Elaine’s smile fell, and she turned toward the group and whispered something. And now all the women were glancing at her the way they might at a rotting corpse—unable to contain their curiosity but disgusted, their eyes darting at her, then quickly away, their faces contorting as if they’d sniffed something putrid. Even as Elizabeth realized that of course Elaine’s raised brow and smile were from surprise and embarrassment, the women walked inward to a huddle, their backs to her, forming a circle so tight it seemed ready to collapse onto itself.
Shannon mouthed, “Come on, let’s go.” Elizabeth nodded and stepped away from them, her legs feeling simultaneously hollow and heavy, making it hard to walk. For many years, this group had been the only place where she’d felt a sense of belonging as a mother, a world where she wasn’t politely avoided and pitied as the (whispered, always whispered) “poor mom of that boy with”—pause—“autism, you know, the one who just rocks all day long.” The opposite: in the group, for the first time in her life, she’d felt something akin to power. Not that she hadn’t achieved before—she’d gotten honors in school, bonuses at work—but those were worker-bee types of success, the quiet kinds noticed only by one’s parents. In the autism moms’ world, though, Elizabeth was a rock star, a miracle worker, the leader of the in-crowd, because she was what everyone dreamed of becoming: the mother of a Recovered Child, a child who started out as a nonverbal, nonsocial, nonpresentable mess like the others, but over the years, catapulted into the realm of mainstream classes and therapy graduations.

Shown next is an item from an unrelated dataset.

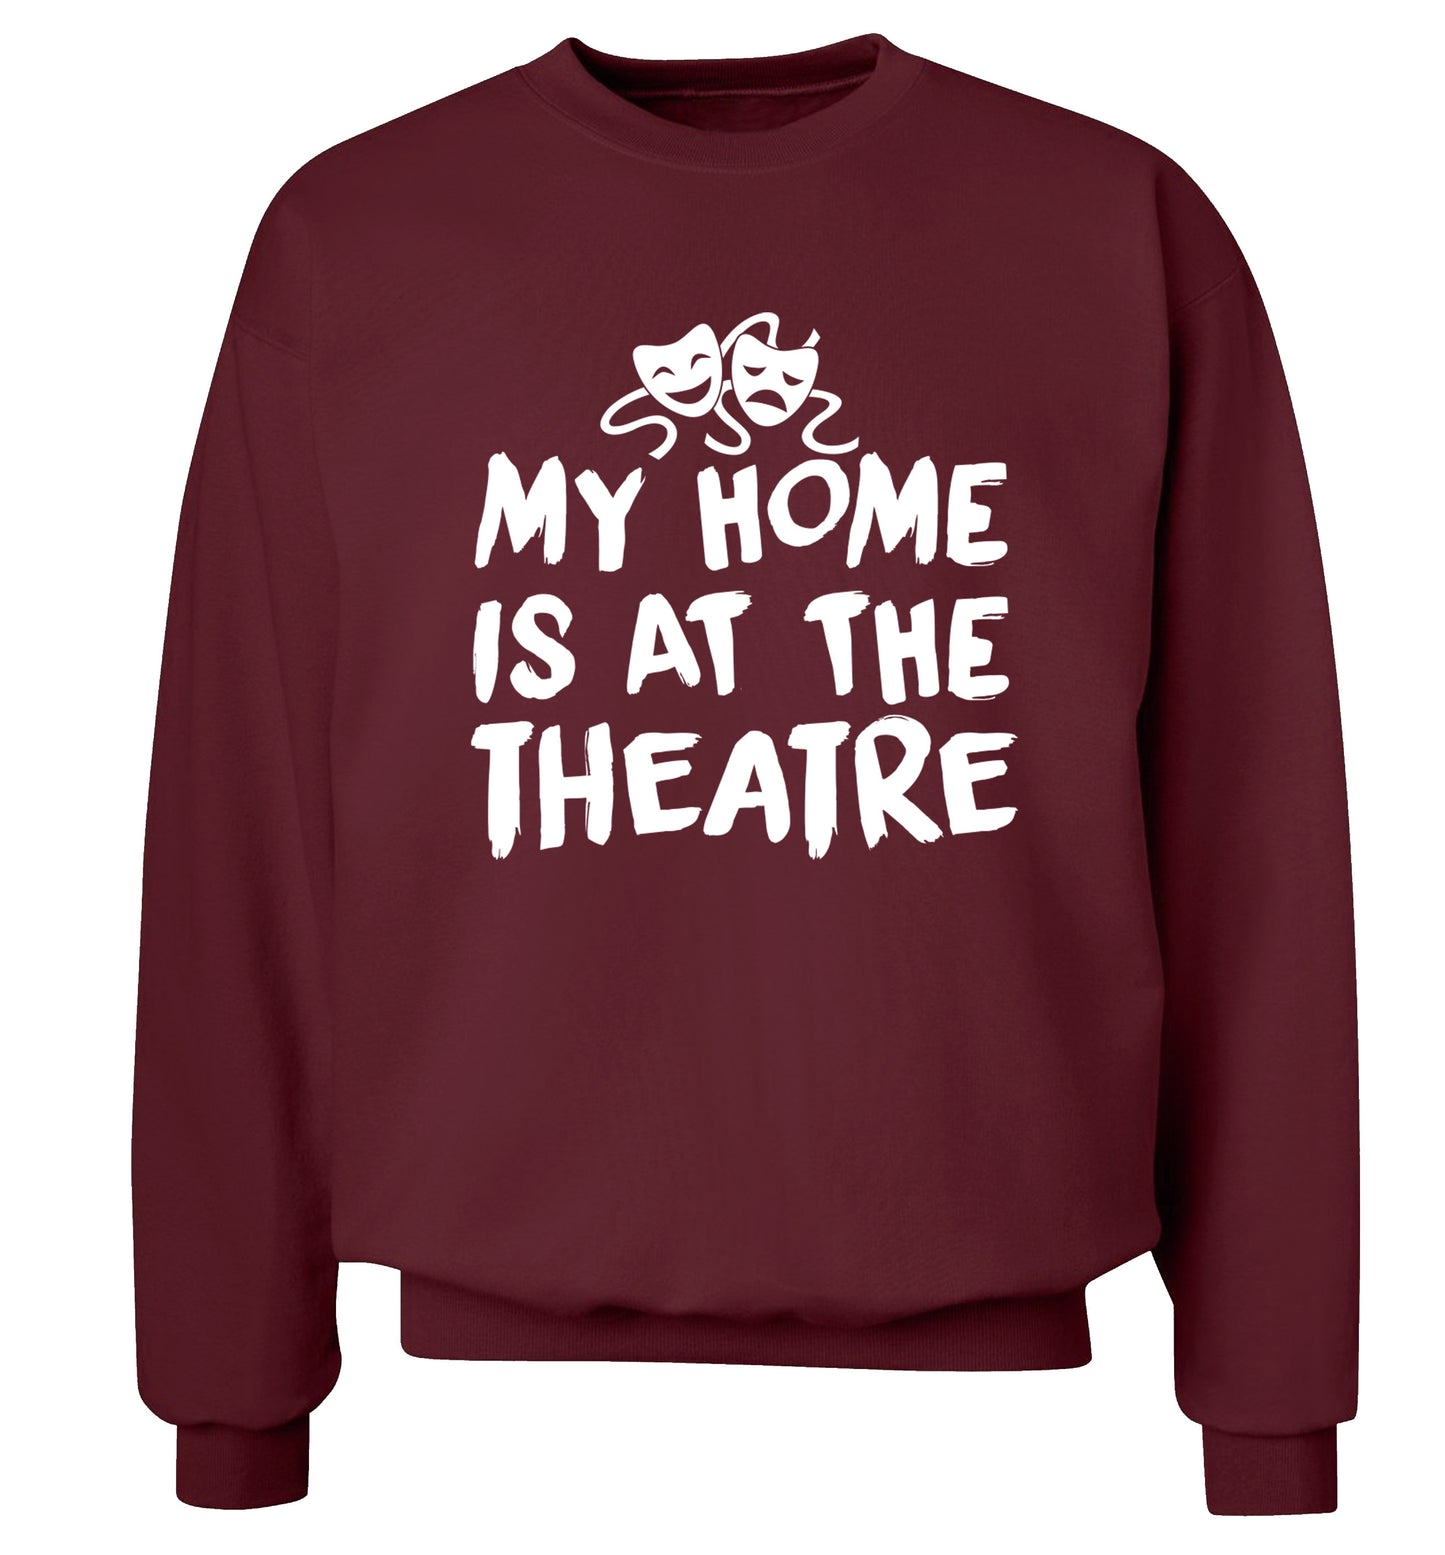 My home is at the theatre Adult's unisex maroon Sweater 2XL
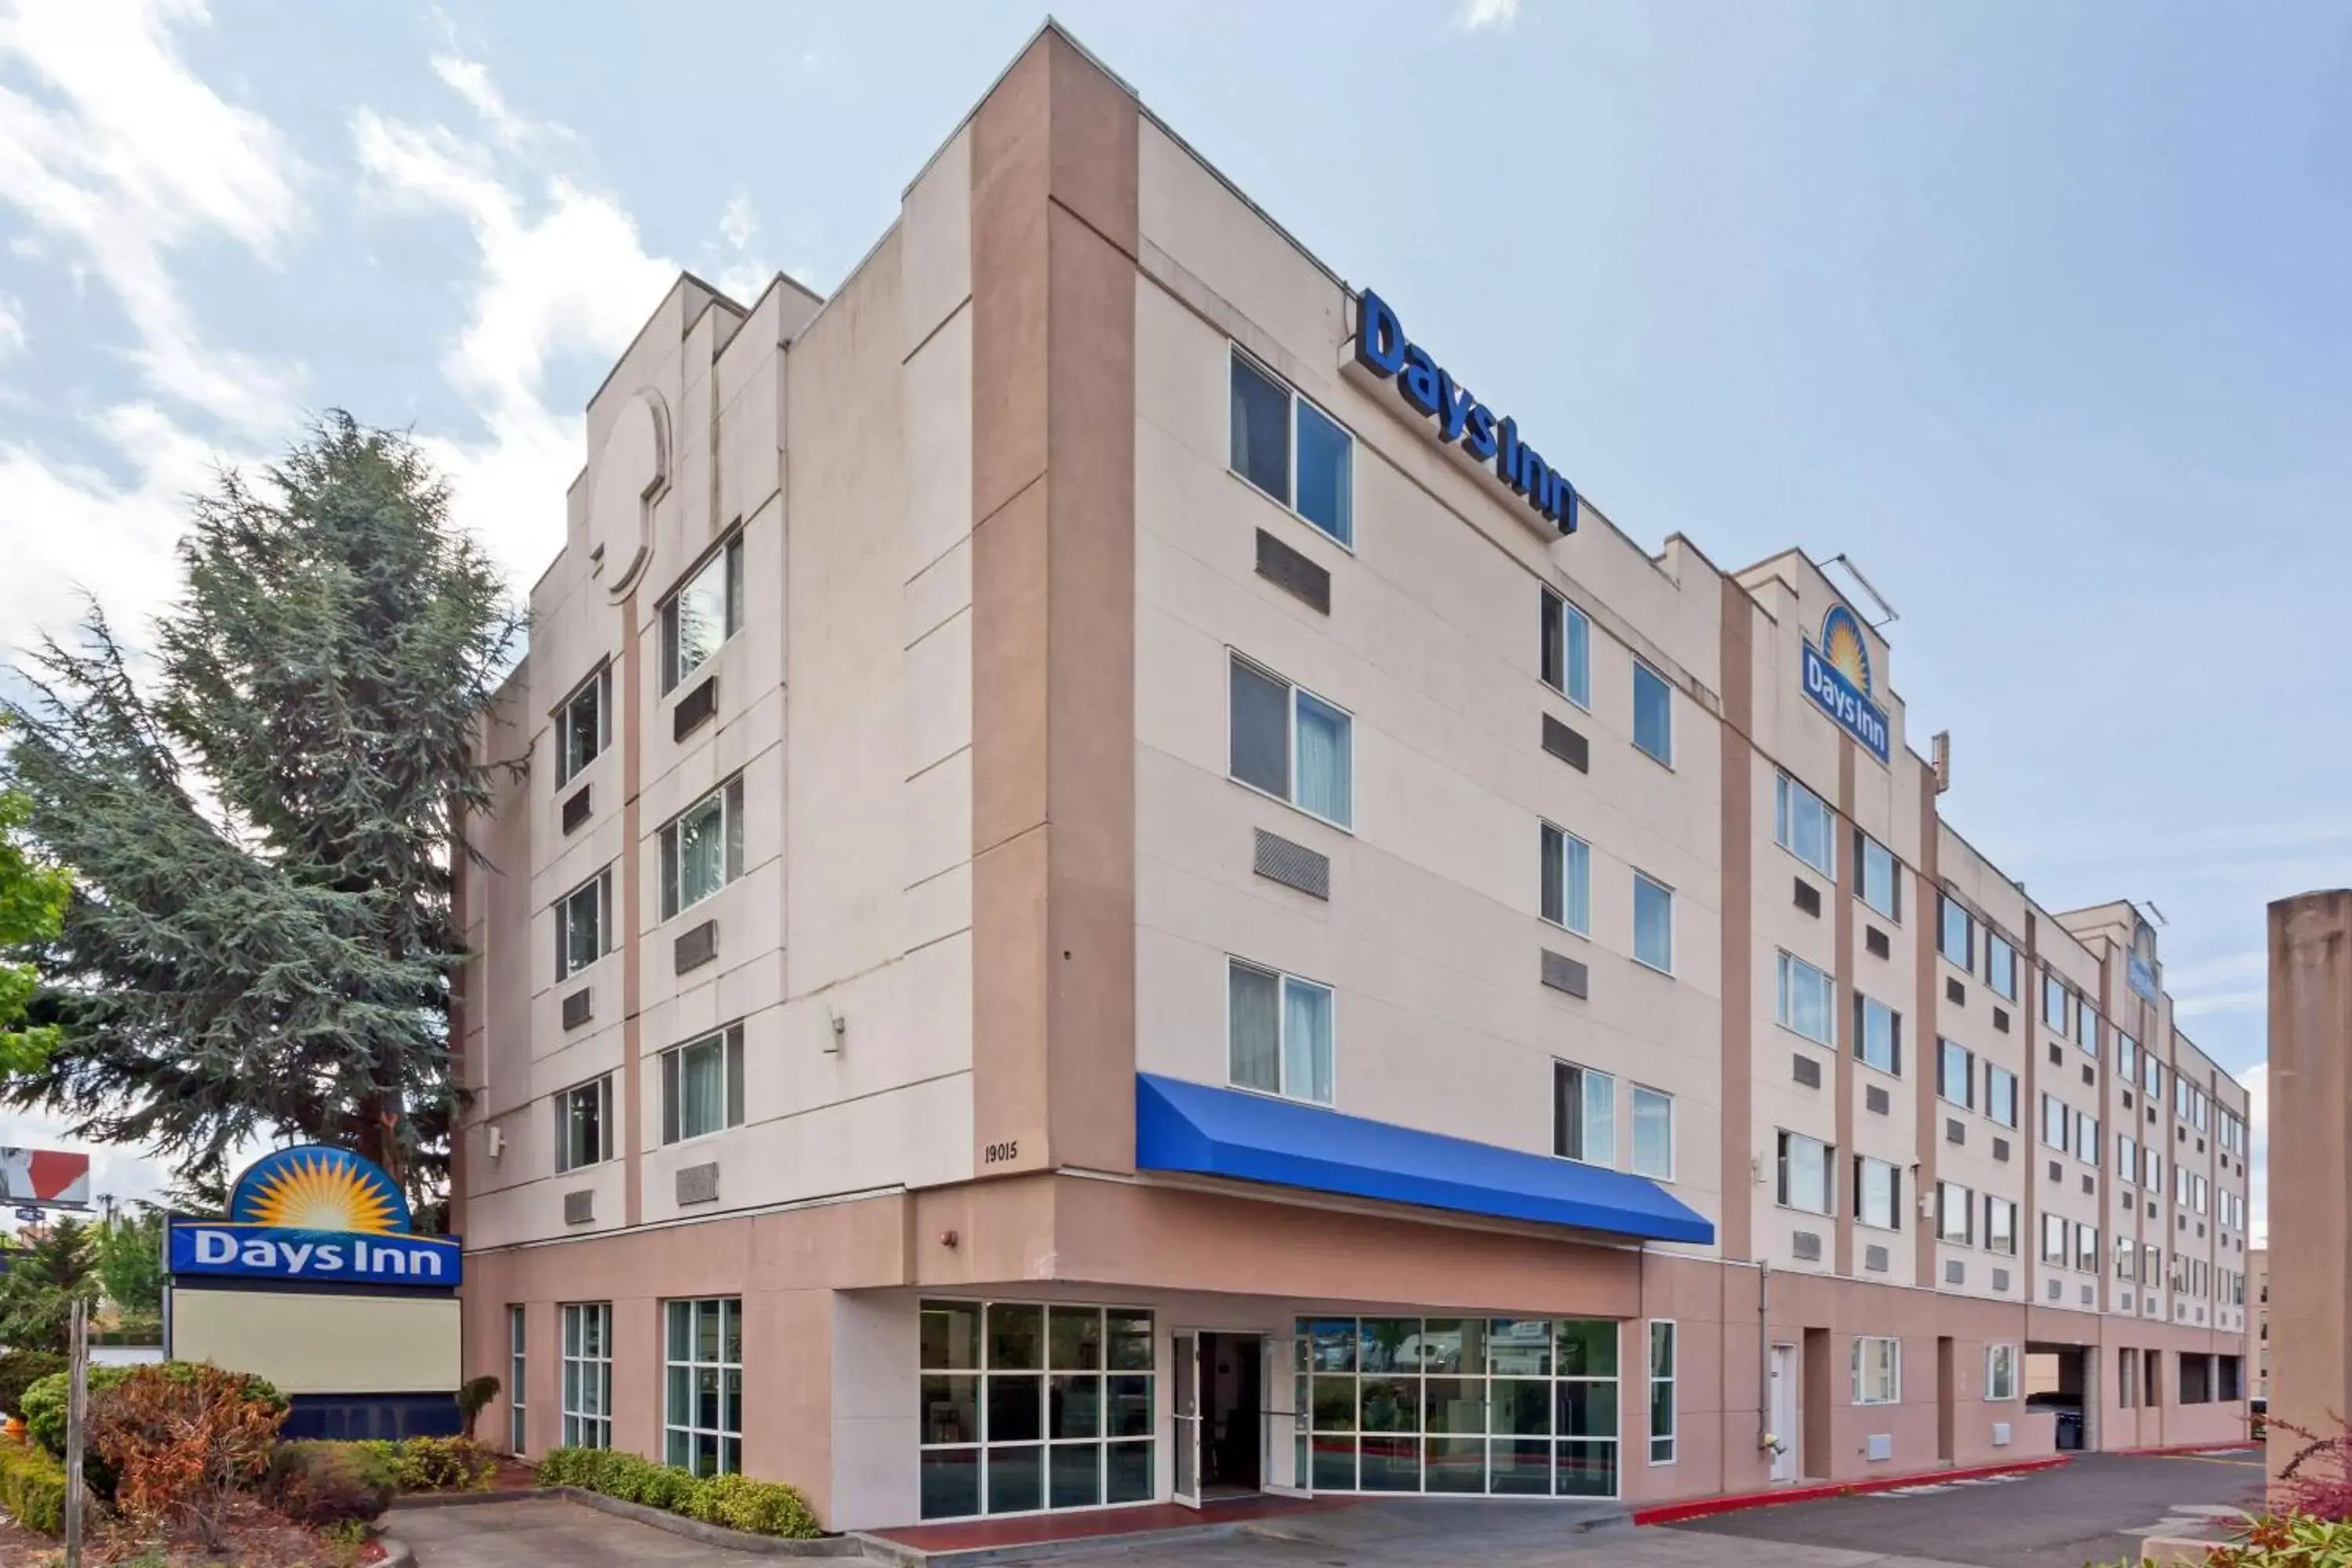 Property Building in Days Inn by Wyndham Seatac Airport

Henry had been the role model, the crystallization of the hope that one day, their own kids could undergo their own metamorphoses.
Being the object of so much envy and esteem had been intoxicating but (not being used to it) also embarrassing, and she’d tried to downplay her role in Henry’s progress. “For all I know,” she told the group, “Henry’s gains weren’t from the treatments, and the timing was coincidental. There’s no control group, so we’ll never really know.” (Not that she actually believed this, but she thought her correlation-doesn’t-equal-causation logic made her seem rational, which made nonbelievers less likely to dismiss her as one of those “antivaccine nutjobs.”)
Even with Elizabeth’s caveats, though, virtually everyone in the group joined the biomed stampede and rushed to get their kids on the same treatments. “Elizabeth’s protocol,” they called it, despite her protests that she’d merely followed others’ recommendations, with only tweaks based on Henry’s lab tests. When many of the other kids improved (although none as quickly or dramatically as Henry), that was when she became the true queen bee, the expert everyone turned to. Every one of the women standing outside the courtroom now had e-mailed her for advice or picked her brain over coffee, asked for help interpreting lab tests, and sent her muffins and gift cards to thank her.
And now here they were, these women who’d once been united in their admiration for her: their backs turned to her, united more tightly than ever in their condemnation of her. And here she was, the onetime near deity, shuffling away, now a pariah. And if the group’s reaction was any indication, mere days away from becoming a death-row inmate.